January 3, 2005 – It Is Good to Write

This entry is part 3 of 49 in the series The Story Project

By Cassandra Talbot

It’s so good to write. You won’t see me take my hair down during the day, and you sure as hell won’t see my makeup come off, but at the end of the day, when I get home and take off the heels and change into sweatpants, it’s good to write.

Really, that’s why I’m in this transition of sorts. I graduated from two prestigious New England universities that will remain unnamed with a bachelor’s degree and a master’s degree in journalism. When they took off the training wheels, I couldn’t have pedaled faster and gotten to my destination in more of a hurry. After a series of short-lived intervals that were separated by promotions, I became an editor for an also unnamed national women’s magazine. I kept pushing. Pedaling harder and harder, faster and faster, making things better, more efficient, climbing the corporate ladder, spending less money and making more of it, finding the supply and meeting the demand; and then one day I woke up and found myself a businesswoman. That’s fine, I guess, but I went to college because I wanted to be a writer. And just like that, my four-year-old nephew’s comment on the Indy 500 became profound – “Hey, Dad … where are they goin’?” I was racing furiously around the track, but I’d lost my direction long ago.

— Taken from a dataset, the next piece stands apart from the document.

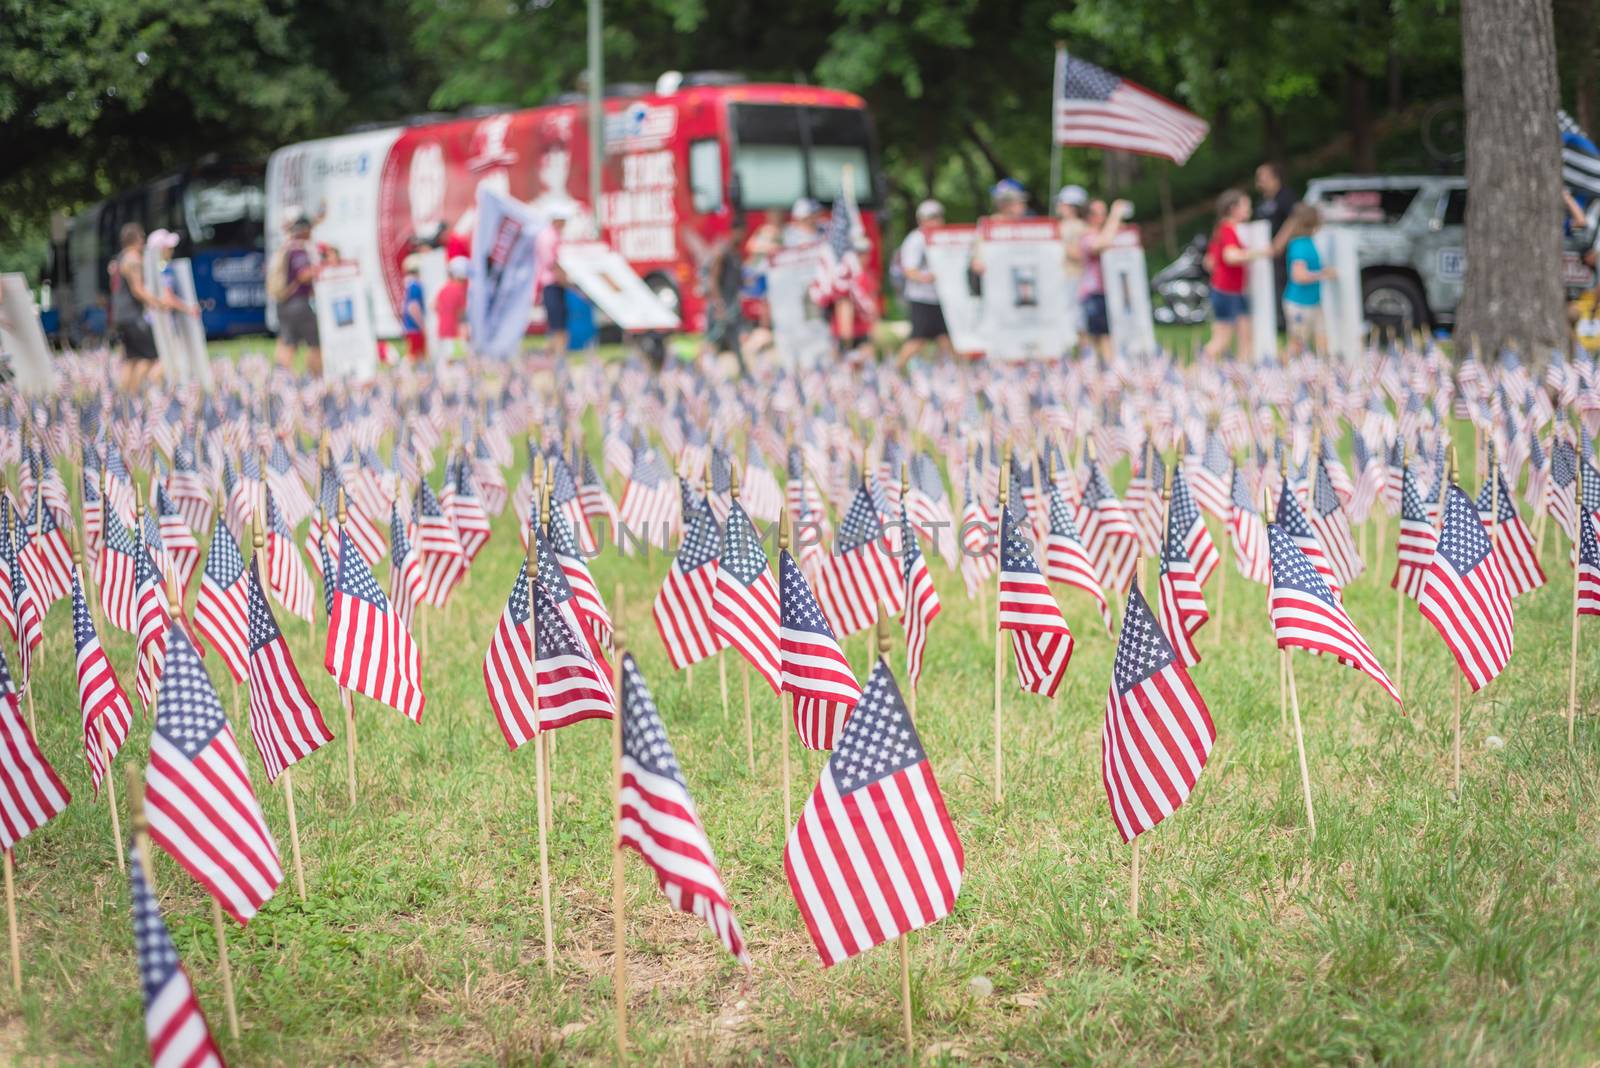 Close-up view of lawn American flag with row of people from Memorial Day March event in Dallas, Texas, USA. Blurry crowded family members carry fallen heroes banners pictures placards in parade

This is my first week working for Stuart Lem at the Lem Institute. Mr. Lem and I go way back. He was a professor of mine when I was working on my master’s degree, and then he moved on to own everything in the world, including the magazine that I eventually took over. While I was managing editor there, he dropped by for the occasional “making-sure-you’re-not-botching-everything” checkup and cup of coffee. It was the last said checkup and coffee that preceded my morning racetrack epiphany, and let’s just say I was not up to par. Mr. Lem recognized it immediately and promptly suggested a career change – work with struggling writers at his institute. And by “struggling” we mean not only poor and unpublished; we mean unmotivated, attitude-laden, and/or even misdirected (like me!) after years of blind and furious driving around the racetrack. I put in my two weeks, hired and trained my replacement, and today I began scouring the Institute for such struggling writers. Oh, and I get to have an assistant. I’m used to this, but I wasn’t expecting it with this particular job. Tomorrow, I’m interviewing a young girl who’s just graduated college. God bless her.

Today has been mostly dedicated to organization. Stuart gave me the names of two people who might be interested in the project, whom I contacted, and he also suggested that I find a place for us to meet. That endeavor has not yet been enormously successful, unless, of course, we met in someone’s dorm room. Not ideal. Not ideal at all. Especially for those of us who haven’t lived in one, or even been in one, for ten years or more. You couldn’t pay me to go in there again. Oh, and especially since I don’t have anyone interested yet who actually lives in the dorm. But anyway, I have two people who have responded. I have an older man, whom one might delicately describe as eccentric, named Dr. Something-or-Other. It starts with an X, and that’s about all I can tell you. Between the thirteen and a half letters that comprise his last name and the accent through which he pronounces it, there’s just no chance that I’m going to try to spell it. It’s just embarrassing for a woman with two journalism degrees and a much-drooled-upon resume to spell something incorrectly in print.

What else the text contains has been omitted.